WASHINGTON -- The Supreme Court yesterday moved back into the middle of the heated controversy over the use of race in congressional redistricting to assure that black candidates can be elected. It voted to rule on a major case from Louisiana.
The case potentially will affect all 17 black Democrats elected to Congress last month in the South, and might have an even wider impact on districts elsewhere that were drafted to give minority voters clear control so that their preferred candidates would win.
In recent years, the Justice Department has been pushing hard -- especially for states in the South -- for more black-dominated districts. It has insisted on them as part of its enforcement of the equality requirements of the Voting Rights Act.
The effect of the new decision may spread beyond congressional districting to affect state and local election boundaries, too. For example, a political fight on Maryland's Eastern Shore, with blacks seeking a chance to control a seat on the Worcester County Board of Commissioners, was taken to the court in an appeal filed Dec. 2 and now awaits the outcome of the Louisiana case.
At a minimum, the Louisiana case is likely to lead the justices to clarify a 5-4 ruling in 1993 -- an emotionally charged decision that raised constitutional doubts about the packing of minority voters from scattered areas into one district to give minorities more power at the polling place.
"Racial classifications of any sort," the majority said then, "pose the risk of lasting harm to our society. They reinforce the belief, held by too many for too much of our history, that individuals should be judged by the color of their skin."
It seems unlikely that the court would back away from so recent a ruling, especially because the five justices in the majority then are still on the court. The two justices who have joined the court since, Ruth Bader Ginsburg and Stephen G. Breyer, replaced two of the 1993 dissenters.
Conceivably, the court may also have to decide in the new case whether to cast aside or modify significantly a 1977 ruling that had upheld some "racial gerrymandering" of election districts.
Depending on how far the court goes with the new decision, the consequences could be "potentially disastrous for minority office-holding," according to Laughlin McDonald, director of the American Civil Liberties Union's voting rights project. All 17 black members of the House from the South who were re-elected or newly elected in November's election represent districts dominated by minority voting populations.
A Justice Department appeal in the Louisiana case argued: "A holding that the intentional use of race to draw district lines is automatically suspect has the potential to make a wide range of RTC redistricting plans at all levels of government constitutionally suspect."
Among the issues the court may resolve is whether the use of race is a constitutional problem only when it leads to districts that are very oddly shaped, or whether constitutional difficulties arise any time race is a decisive factor in redistricting -- whatever the shape of the districts that result. Another issue is whether it is unconstitutional to create a minority-dominated district, unless that is absolutely necessary to achieve public policy goals, such as curing past racial bias.
The justices' 1993 ruling has left those questions dangling.
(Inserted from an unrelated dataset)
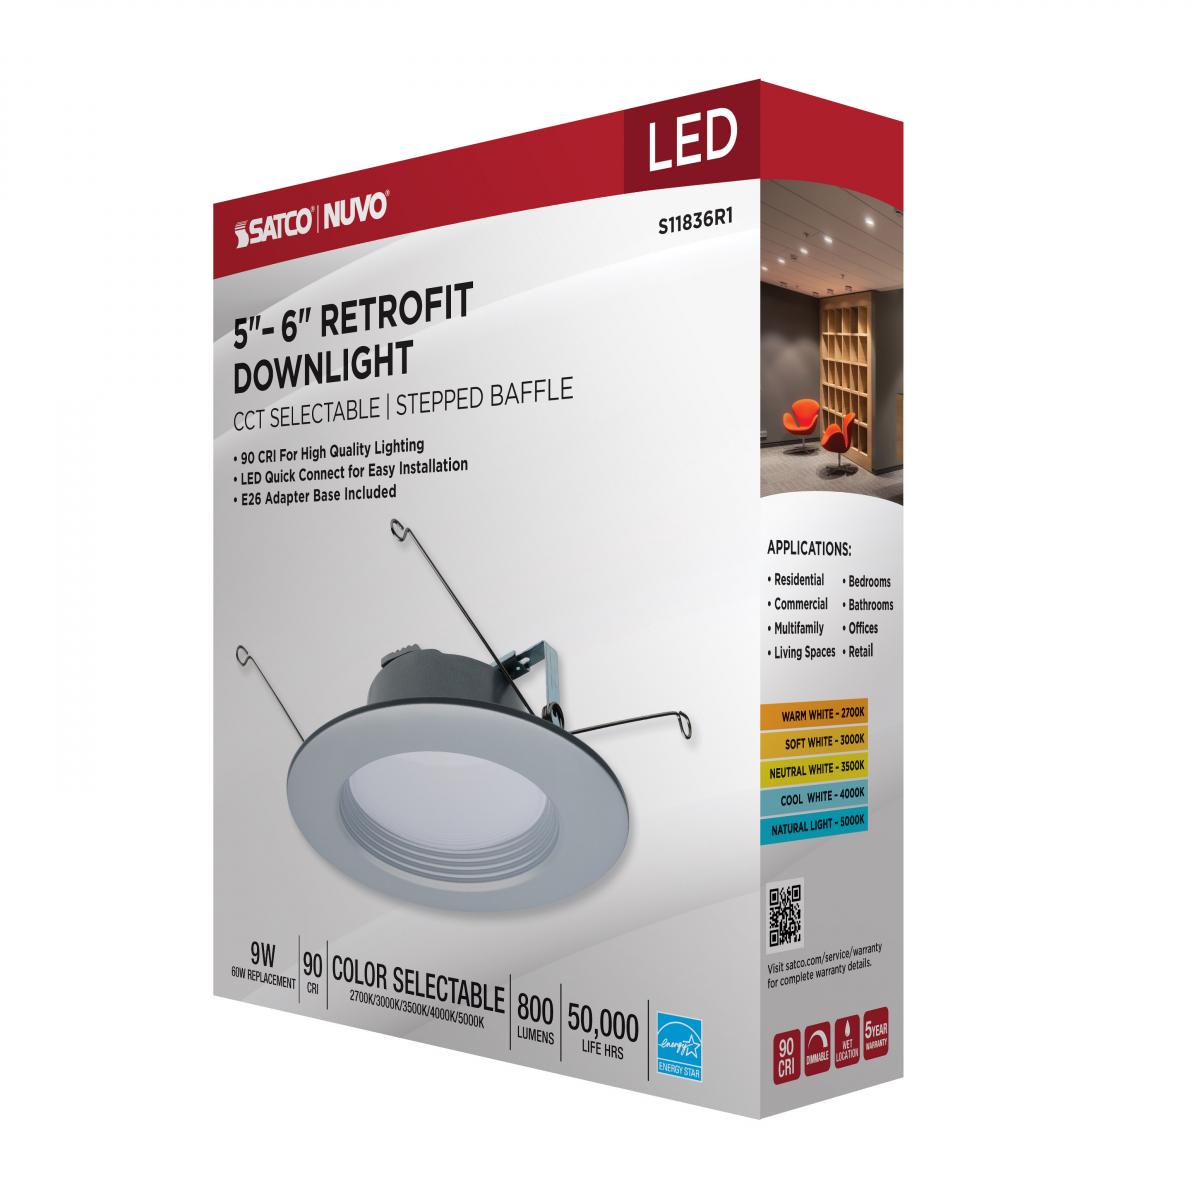 6 Inch Round LED Downlight Retrofit, 9 Watt, 800 Lumens, Selectable CCT, 2700K to 5000K, Baffle Trim, Brushed Nickel Finish
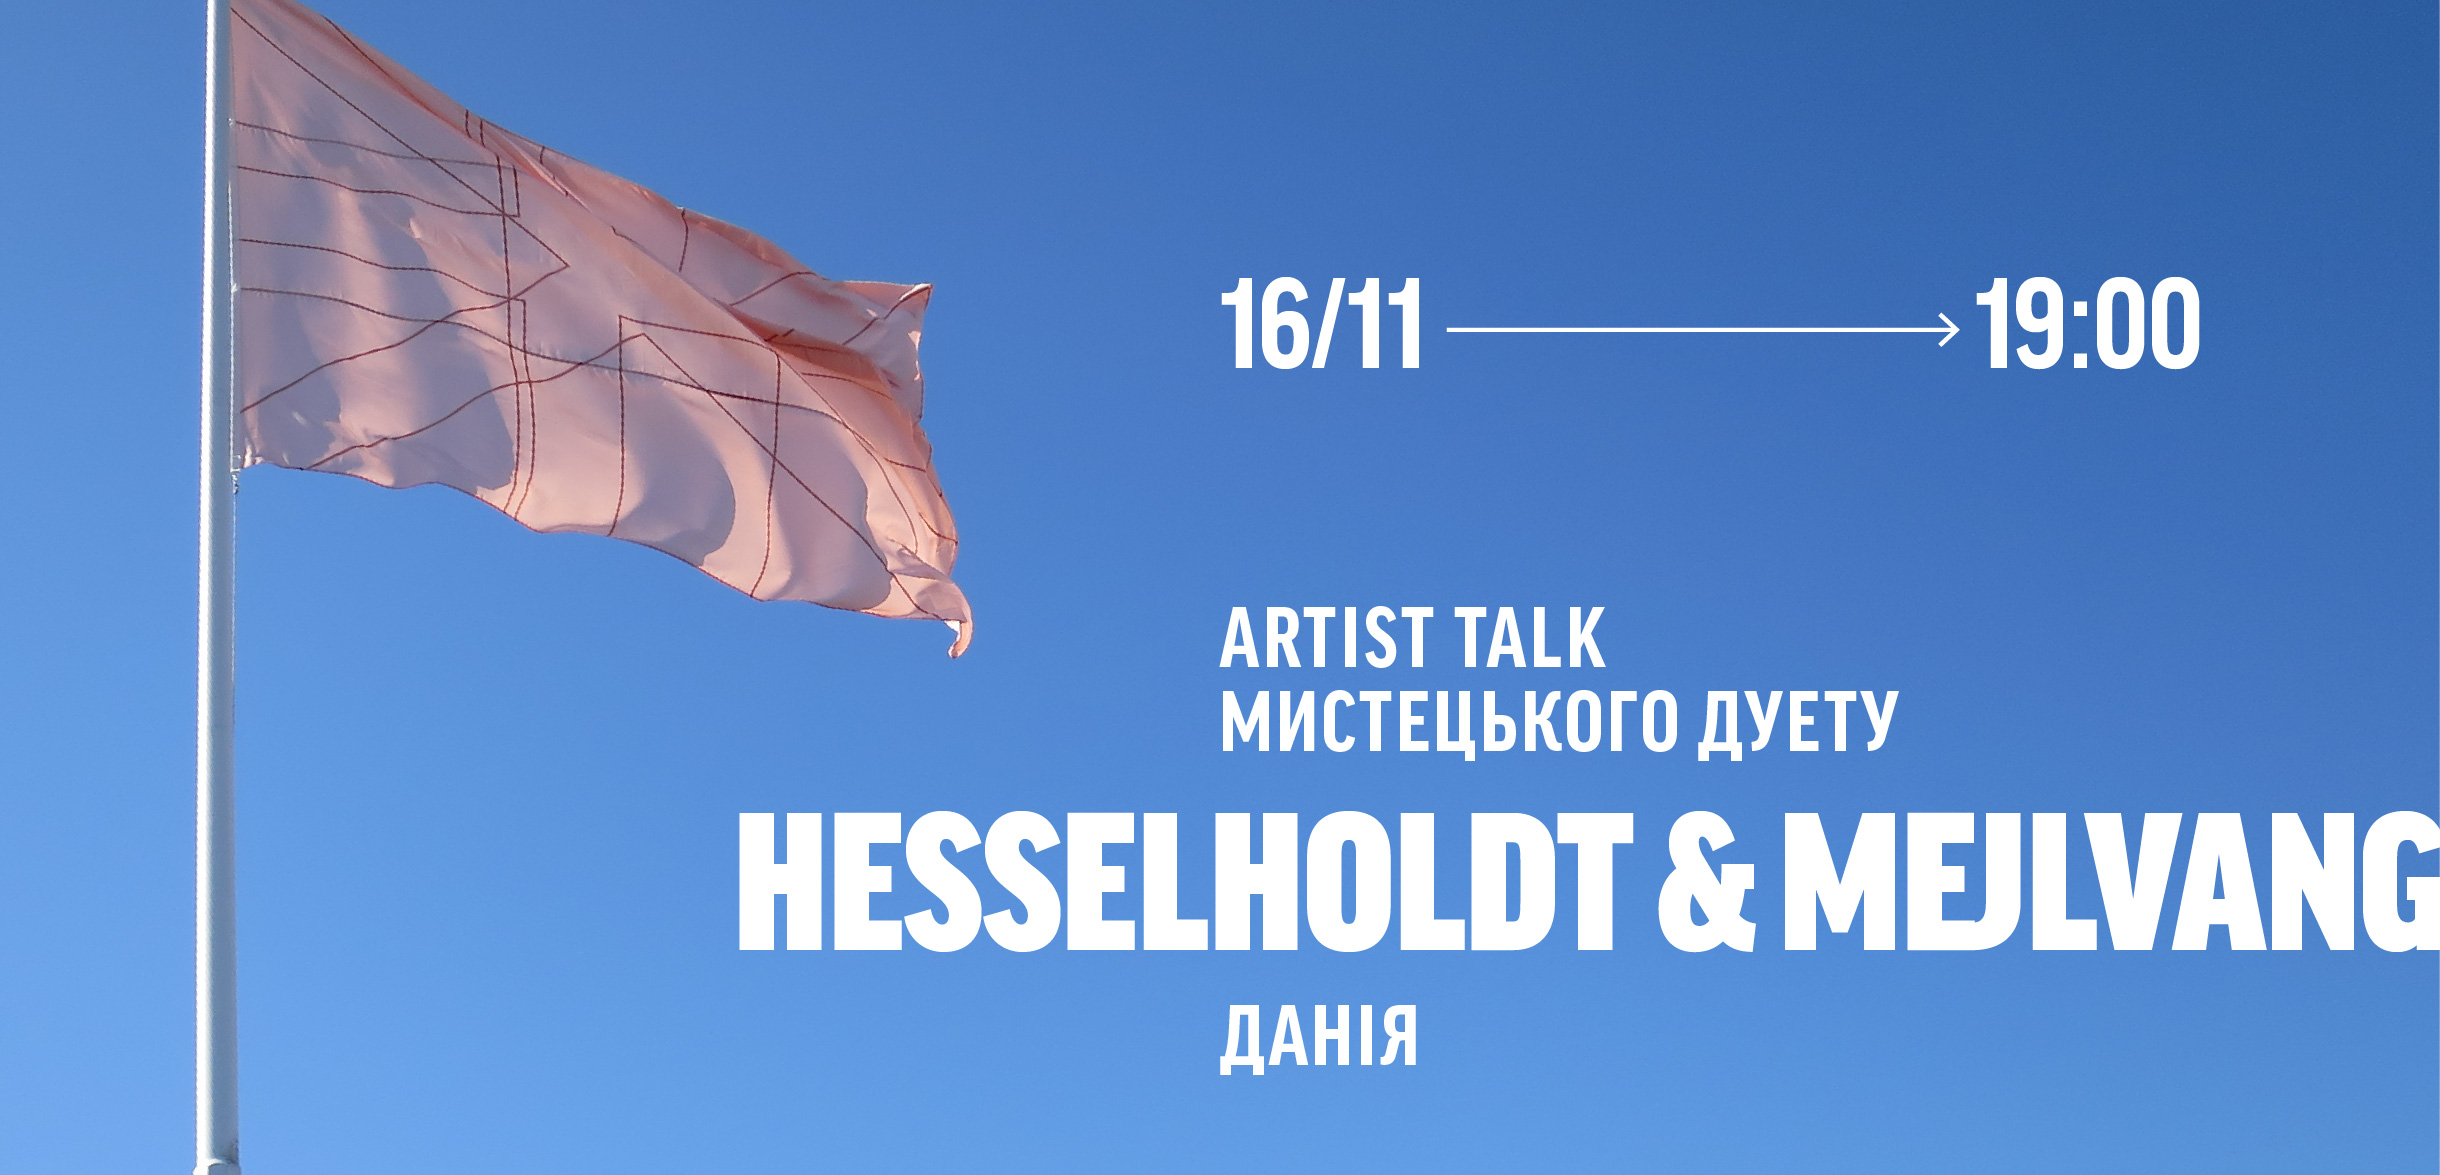 Artist talk by Hesselholdt & Mejlvang

Reacting to the decision, lower courts have struck down minority-controlled House districts in Georgia and Texas as well as in Louisiana; a constitutional challenge is pending in a federal court in Florida.
By contrast, another federal court has upheld such districts in North Carolina -- the same case that had led to the justices' 1993 ruling, which questioned those districts but did not strike them down. The court told the lower court to reconsider the challenge to a peculiarly shaped district that snaked across the state, mainly following an interstate road.
The Louisiana district now before the court reaches diagonally across the state, meandering for 250 miles through 15 parishes, and carving up four metropolitan areas.
Twice within the last 12 months, a three-judge federal panel in Shreveport -- relying on the justices' decision in 1993 -- has struck down plans for Louisiana's seven-member delegation in the House because of the role that race played.
The district that Rep. Cleo Fields, a one-term Democrat from Baton Rouge, has represented was struck down by the Shreveport court. The Supreme Court agreed in August to allow that district to be used this year so that the election could go ahead. Mr. Fields, who is black, was re-elected.
Mr. Fields first was elected to Congress in 1992, after the state legislature redrew all of the state's districts after the 1990 census, which cost the state one House seat and reduced its total to seven. The Justice Department insisted that Louisiana have two black-dominated districts, instead of one. A New Orleans-area district, controlled by a black majority, was ordered into effect by a federal court in 1983. It has not been challenged.
The initial district drawn for Mr. Fields, who was then a member of the legislature, came to be known as the "Zorro" district because it resembled the signature "Z" mark of the fictional swordsman. It zig-zagged across the state, taking in enough black enclaves to wind up with a 63 percent black majority.
The three-judge federal struck it down in December, saying that such a "tortured" district clearly violated the Supreme Court's 1993 decision. In April, the legislature redrew the district boundaries, replacing the "Zorro" district with one that has a black voting age majority of about 54 percent.
The Supreme Court in June told the three-judge court to consider that new plan. It did so, and in July again nullified Mr. Fields' district. It remarked that it had called "for major surgery" in Louisiana districting but that the legislature had offered "at best a cosmetic make-over."
A final ruling by the Supreme Court is expected by next summer.